Her diminished size is in me — not in her.
And, just at the moment when someone says, “There, she is gone,”
there are other eyes watching her coming, and other voices
ready to take up the glad shout, “Here she comes!”
And that is dying…
Kelsey and I lived in Rockford, Illinois together in 2009. I was immediately attracted to her smiley and bubbly personality and it didn’t take long for us to become friends. Kelsey was someone I didn’t feel afraid to talk to about anything. Her warm presence allowed me to be vulnerable without fear of judgement. We have so many memories in Rockford that I will cherish forever. I am so grateful that Kelsey loved to take pictures because I now can keep those and always be reminded of our memories together. I remember we would always play rock band together and she would always play drums. Her rockstar name was “KbabyK!” After she left Rockford our communication unfortunately came to a minimum. She eventually moved to LA and I started school, but I think we both always knew that we had each others support no matter what.

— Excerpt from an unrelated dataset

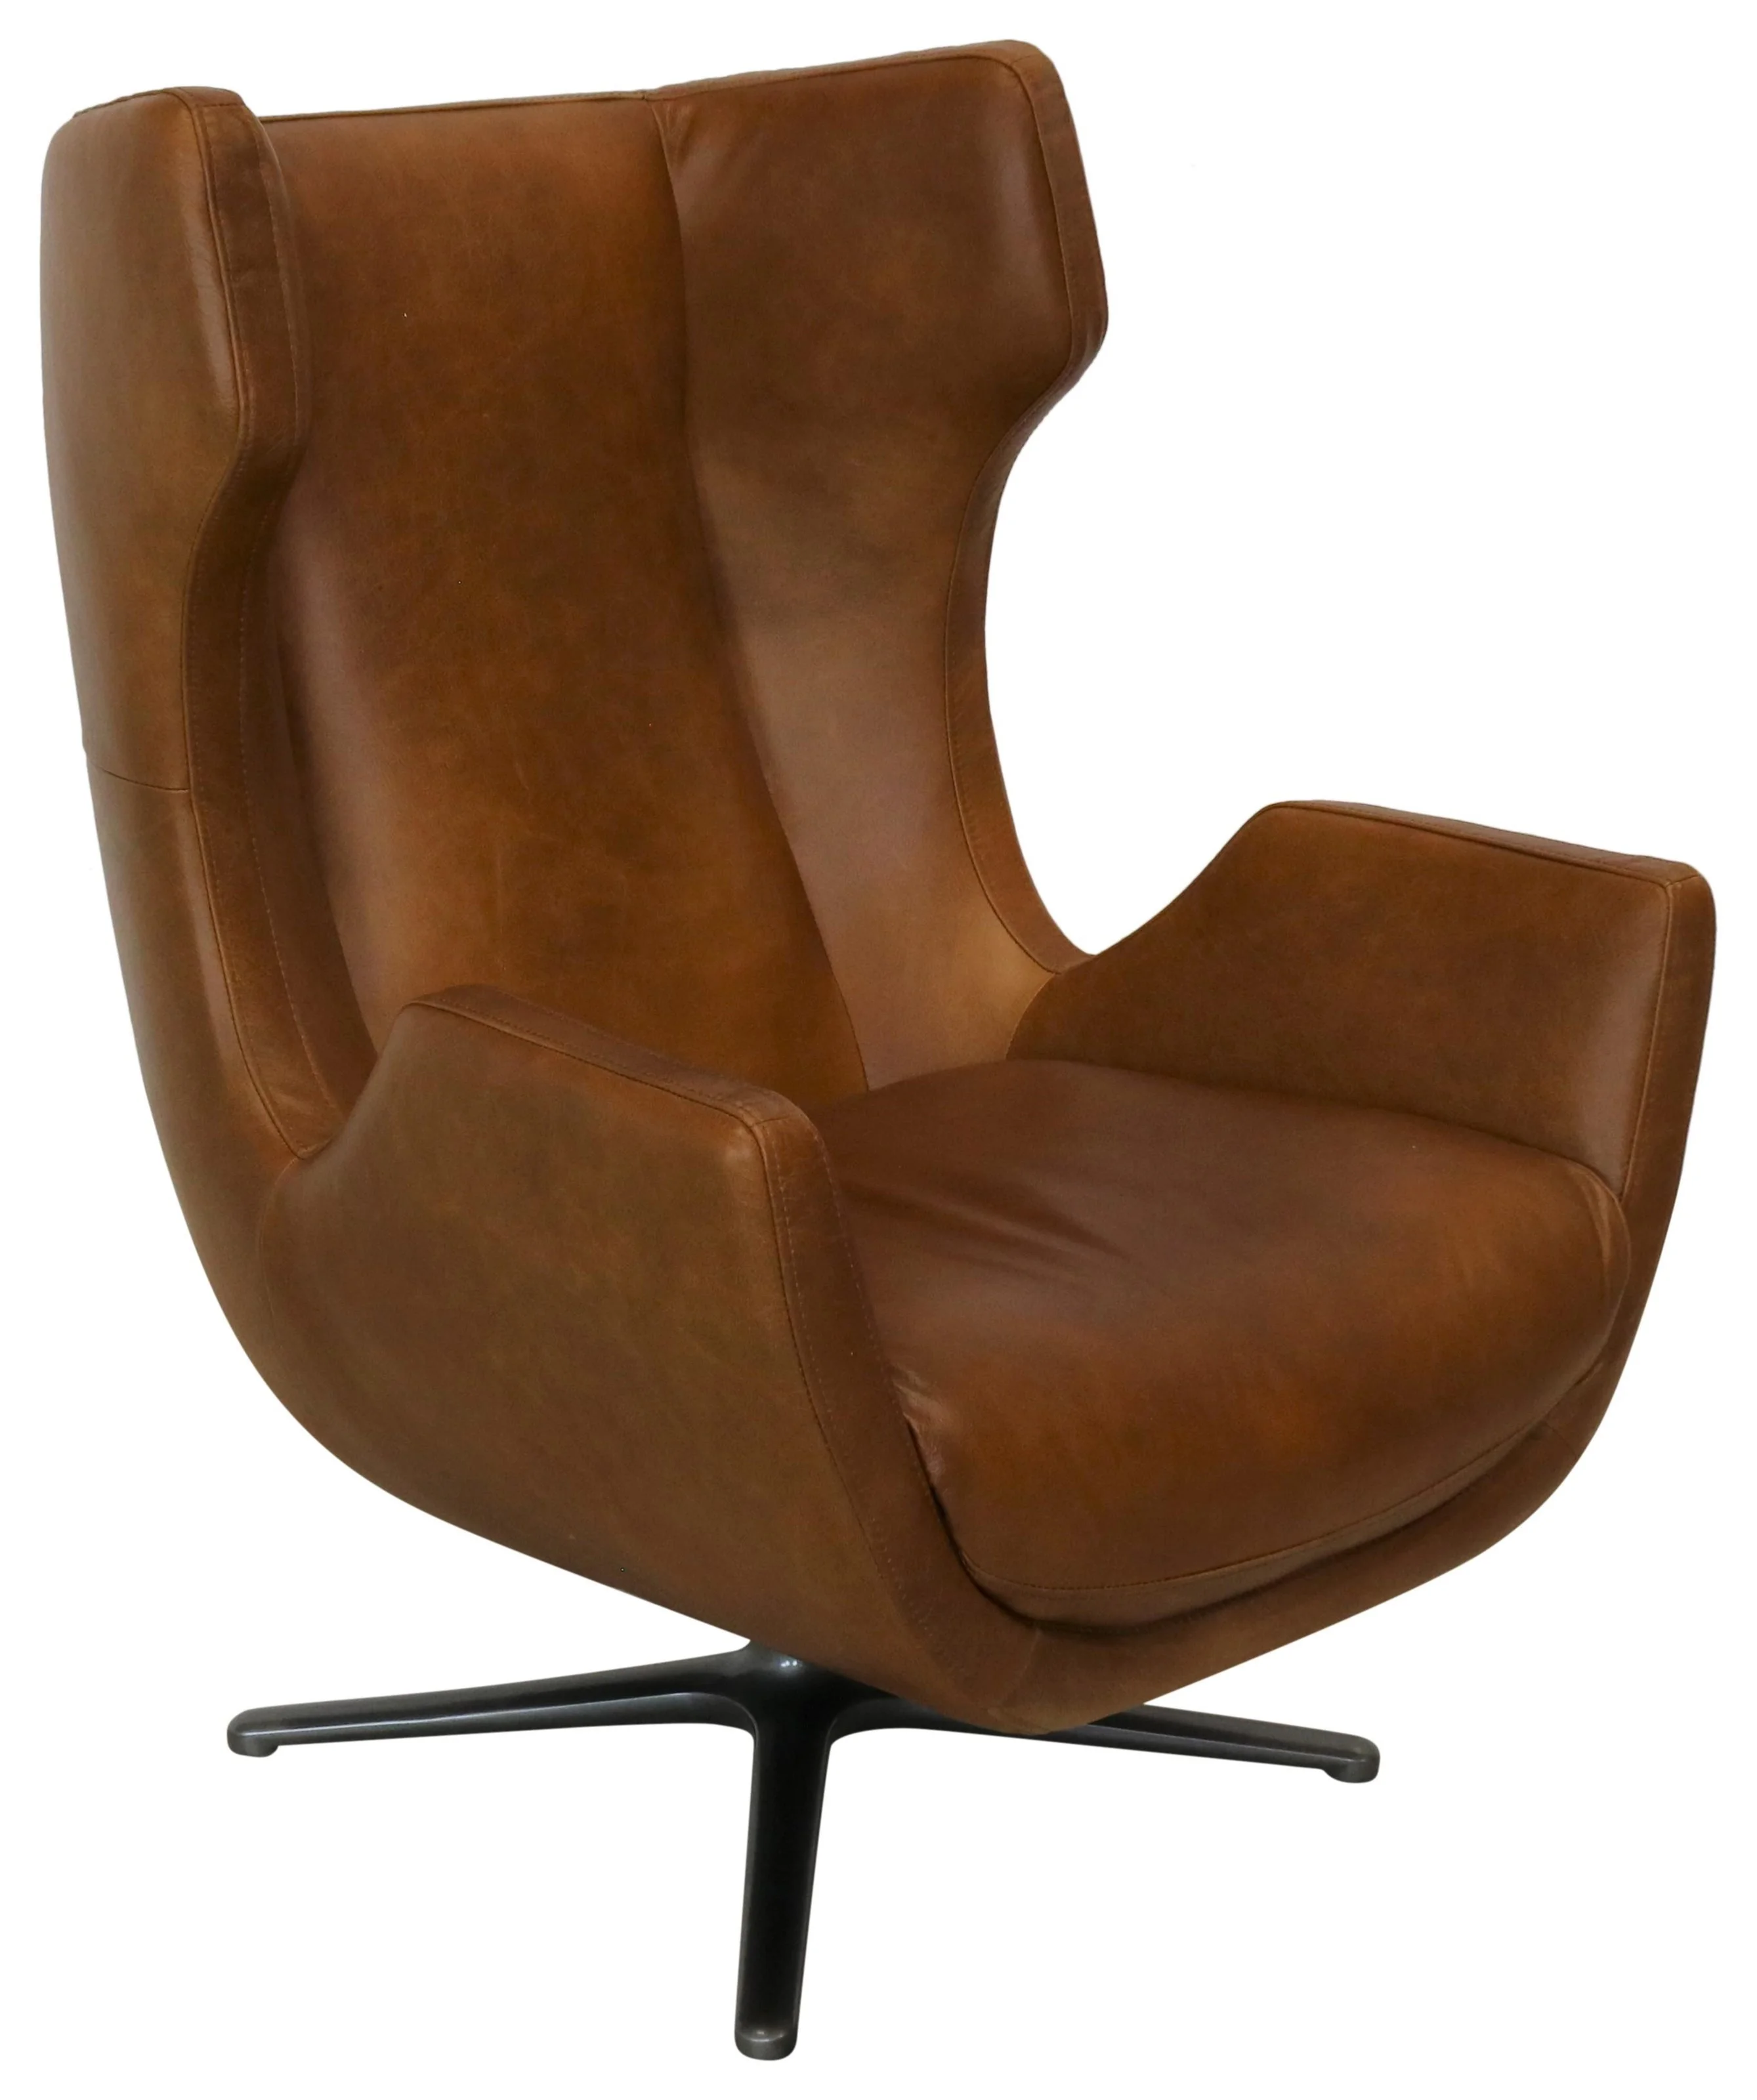 Kayla Home Upholstered Accents Leather Swivel Chair Sprintz Furniture | Chairs

When I heard about Kelsey’s passing I was shocked. Out of all the people I lived in Rockford with, I knew she was going to be one of the few that I would ever see again. Selfishly, I felt anger that she had been taken from us, but I know now that she does not have to hurt anymore. I extend my heart and prayers to Kelsey’s family and friends. She truly did impact my life as I’m sure she did many. I love you Kelsey and I know we will play rock band together up in the sky one day.
Gone far too soon. It was with such sadness that we learned of Kelsey’s passing. Prayers to all the family. Cherish the memories.

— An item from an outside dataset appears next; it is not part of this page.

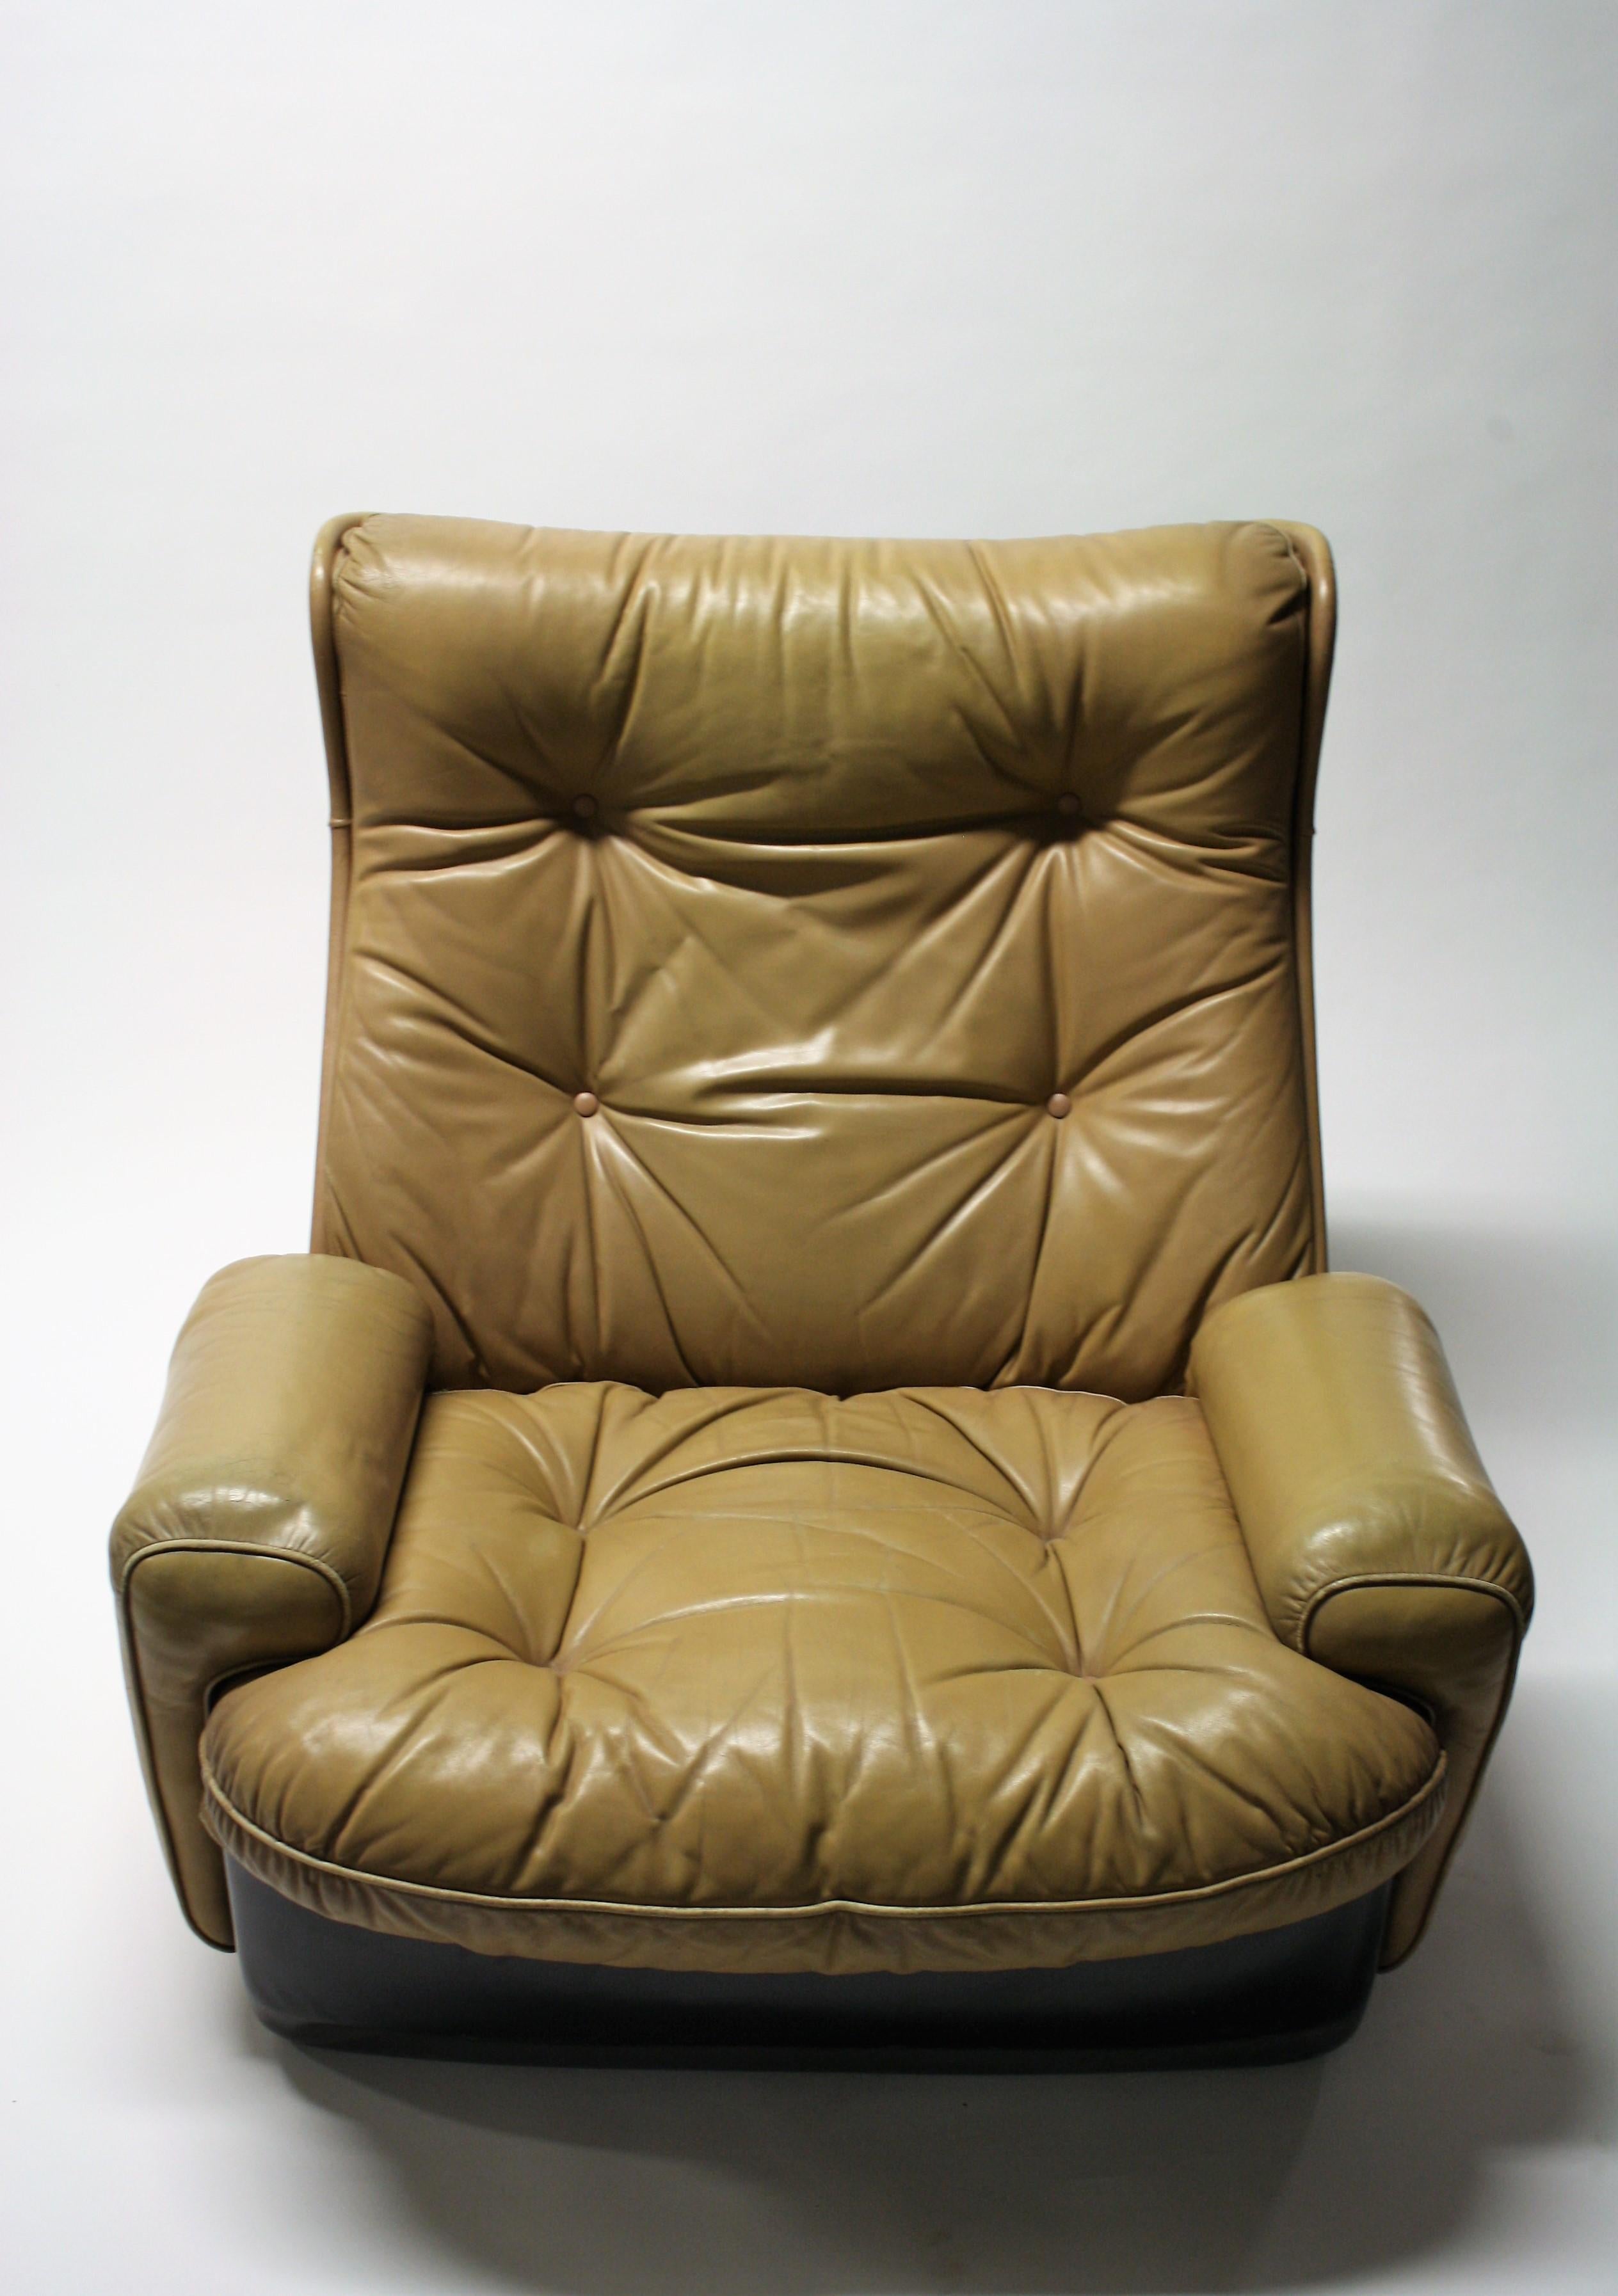 Space Age Vintage Leather Lounge Chair by Airborne International, 1970s

“She was beautiful, but not like those girls in the magazines. She was beautiful, for the way she thought. She was beautiful, for the sparkle in her eyes when she talked about something she loved. She was beautiful, for her ability to make other people smile, even if she was sad. No, she wasn’t beautiful for something as temporary as her looks. She was beautiful, deep down to her soul. She is beautiful.”

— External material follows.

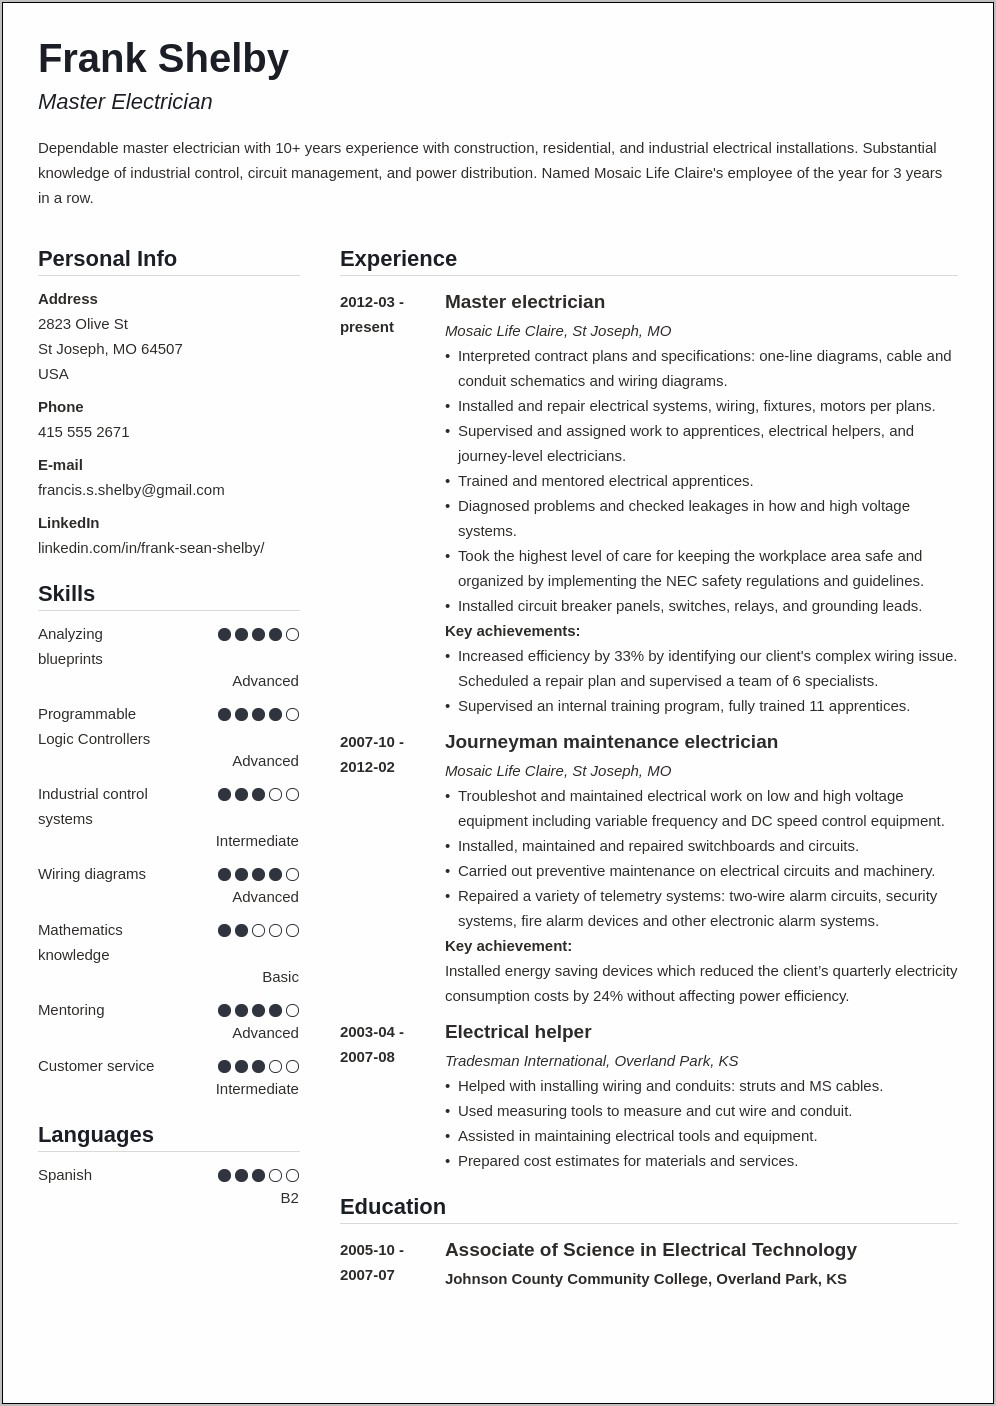 Resume Summary For A Hard Worker

I will forever miss you, my friend. You always brought a smile and laughter to me whenever we hung out in high school. Hoedown ’09 was one of the best times in high school for me because you were my date. I remember that night after eating at Chili’s I walked out to Brotherton’s car and kept trying to get in, only to realize I was try to open the door to the wrong car. You opened the door, called my name, and started cracking up. I got in the right vehicle and was so humiliated, but you said “it’s okay girl, we can be weirdos together.” You didn’t care how people looked or acted…you would befriend them in a heart beat and not judge them for who they were. I admire that. I won’t forget the message you sent me on Facebook in February when I was doing acting and preparing for a film, you contacted me even though we hadn’t talked for a while and said that I could stay with you if I’m ever in California and that you were proud of me for my accomplishments. You never forgot about your friends and always made them feel loved. It’s like I said, there was a glimmer to your heart and spirit, one that you don’t see to often in this crazy world. I am so deeply saddened that you are gone, but I know you are no longer suffering, you’ve been set free and are fly amongst the most beautiful angels now. I am proud to call you my friend, and honored to have had you in my life. May you rest beautifully, and know that we will see each other again. I love you so much, Kelsey, and will miss you deerly.